The latter is more verbose, yes. The tradeoff here is data in non-associative tables is safer, more adaptable, and simpler.

Scattered Thoughts

As a side effect, arguments about "how to model" become naming arguments, not "should this be a one-to-many? will we need a many-to-many?". The way to relate is already decided, and the problem can be addressed, not the means about how to address the problem.

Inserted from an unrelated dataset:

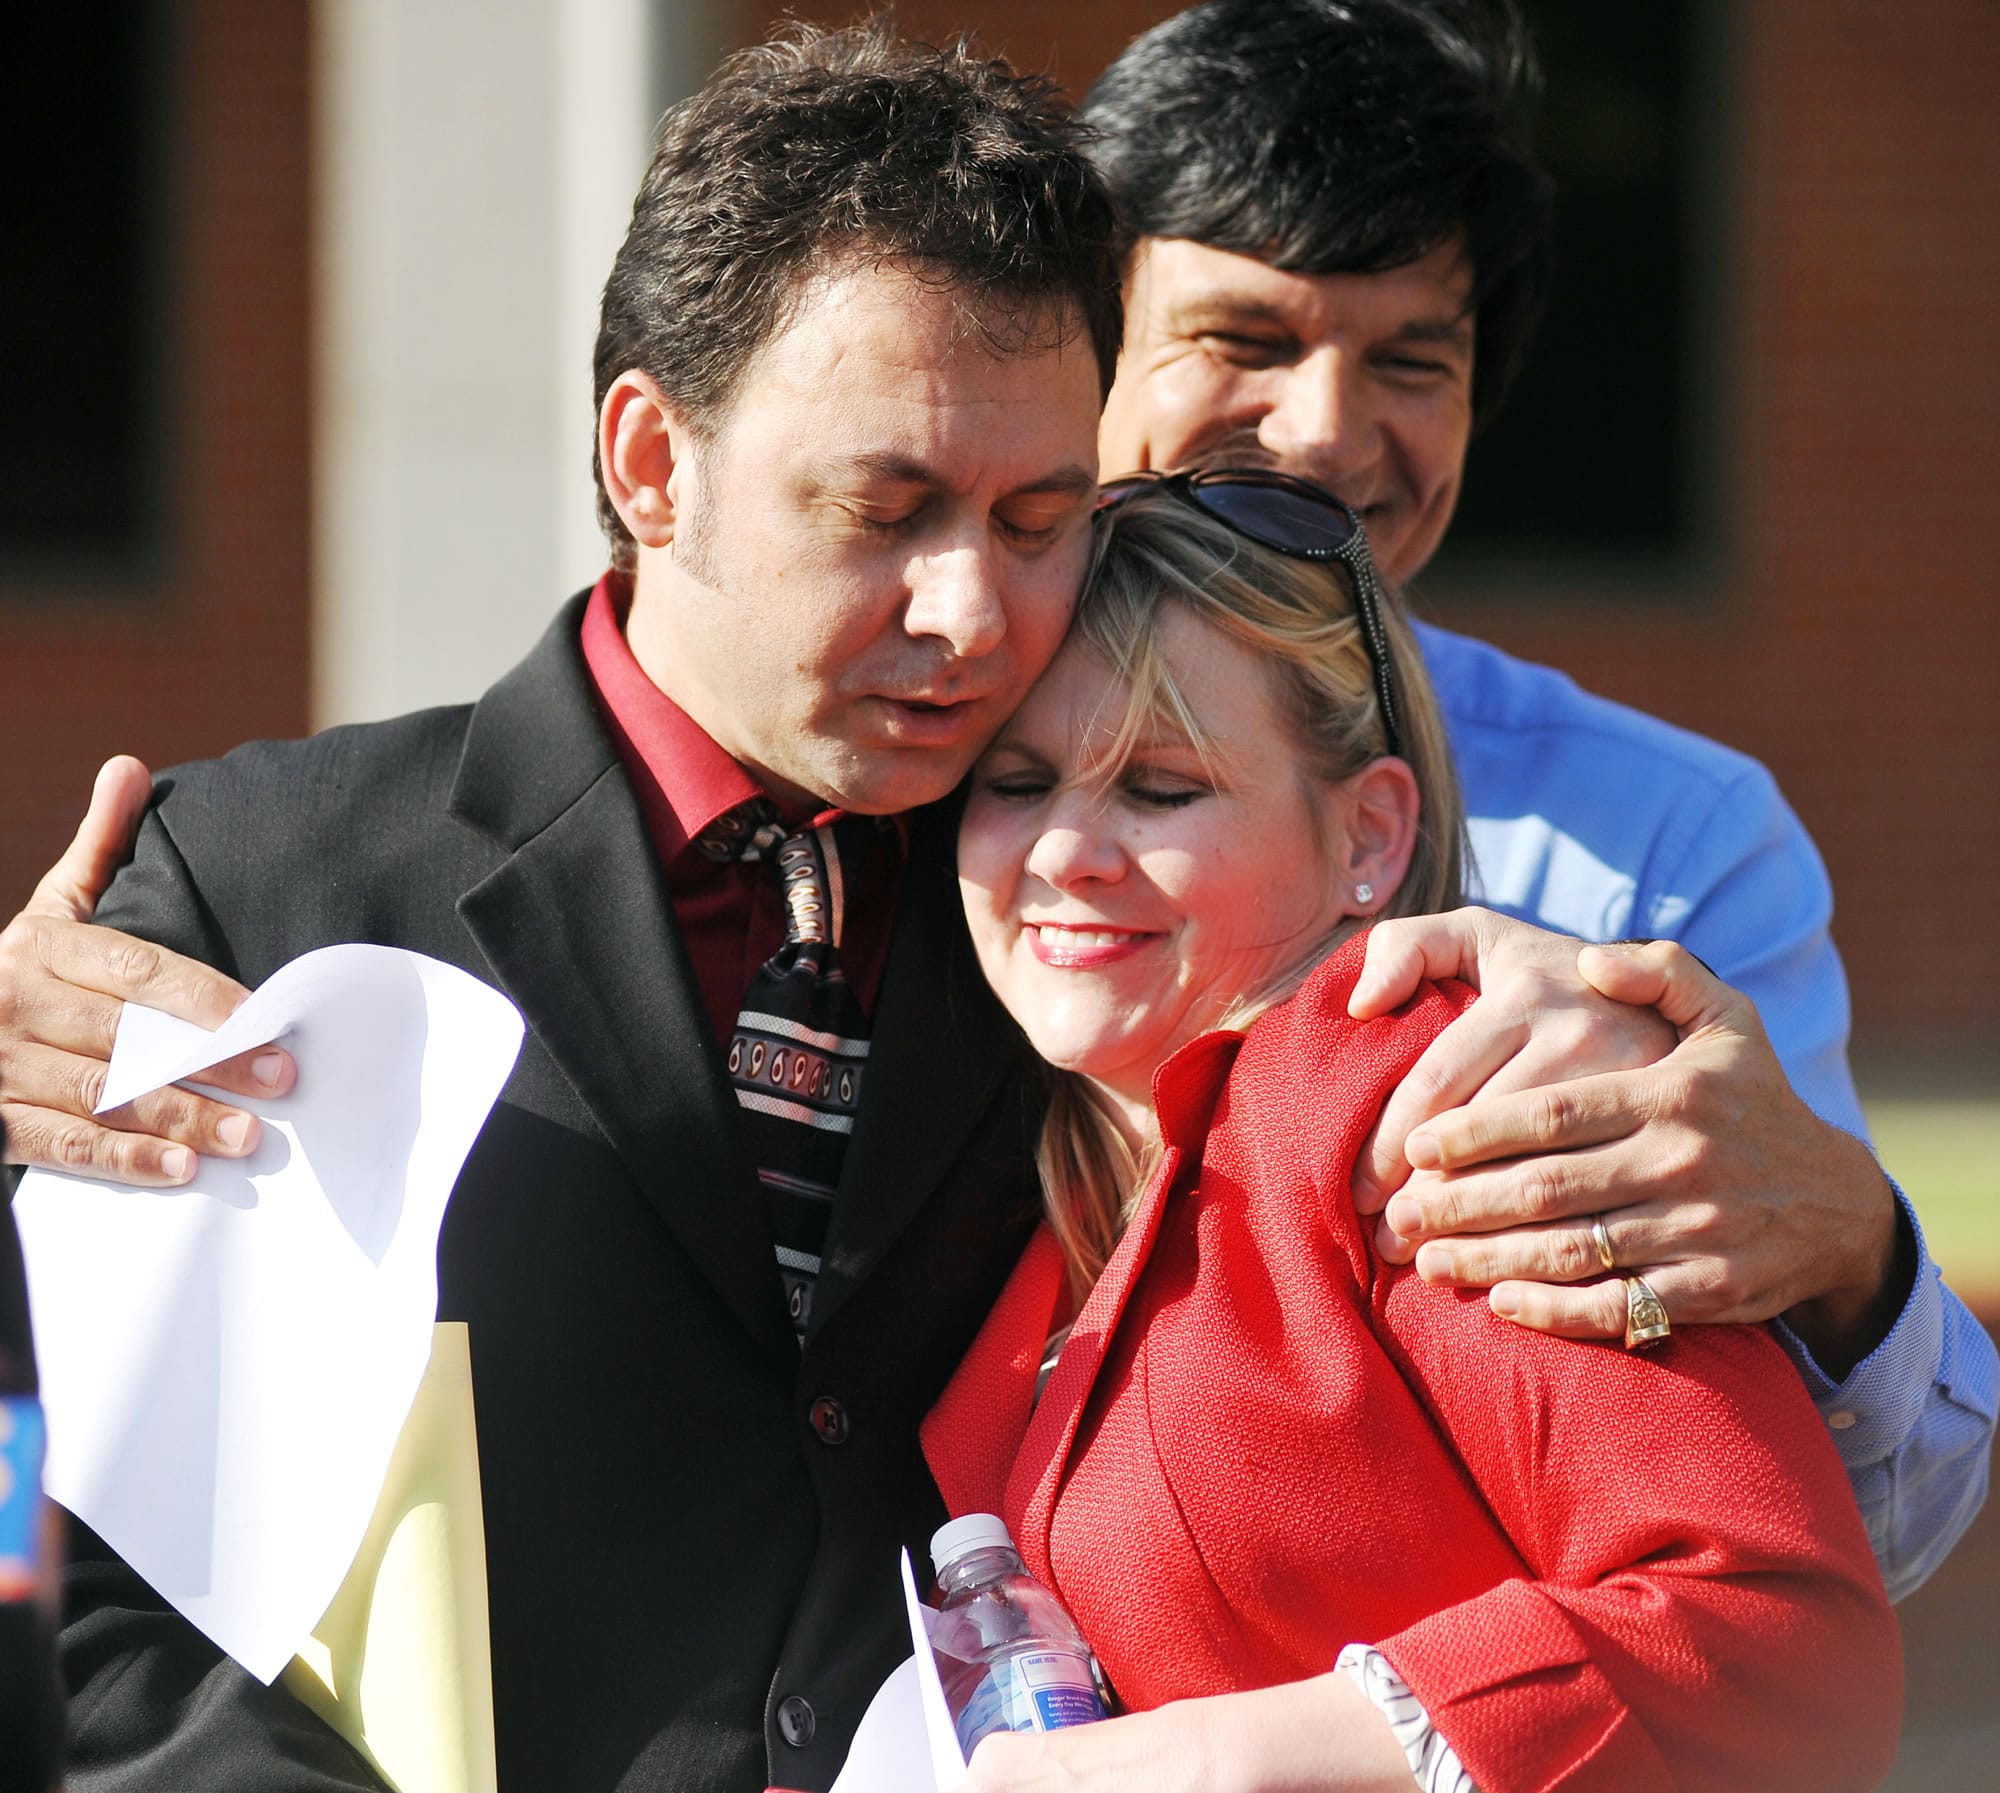 Paul Kevin Curtis, who had been in custody under suspicion of sending ricin-laced letters to President Barack Obama and others, left, hugs his attorney Christi McCoy during a news conference following his release  April 23 in Oxford, Miss.

Good John Blow quote, poorly paraphrased "in the 80's people solved problems because there was so much limitation from the hardware and by implication the software." Essentially if all you have is X, then you'll figure out how to solve the problem with X. However, so much time has been devoted to "how should we solve problems" the industry has lost its way and is optimizing for "operational excellence" not bringing value to humanity. The incentives of the market are aligned with who looks like they're the most valuable, even if they are a net detriment to humanity. We need more emphasis on the what and why, and less on the how.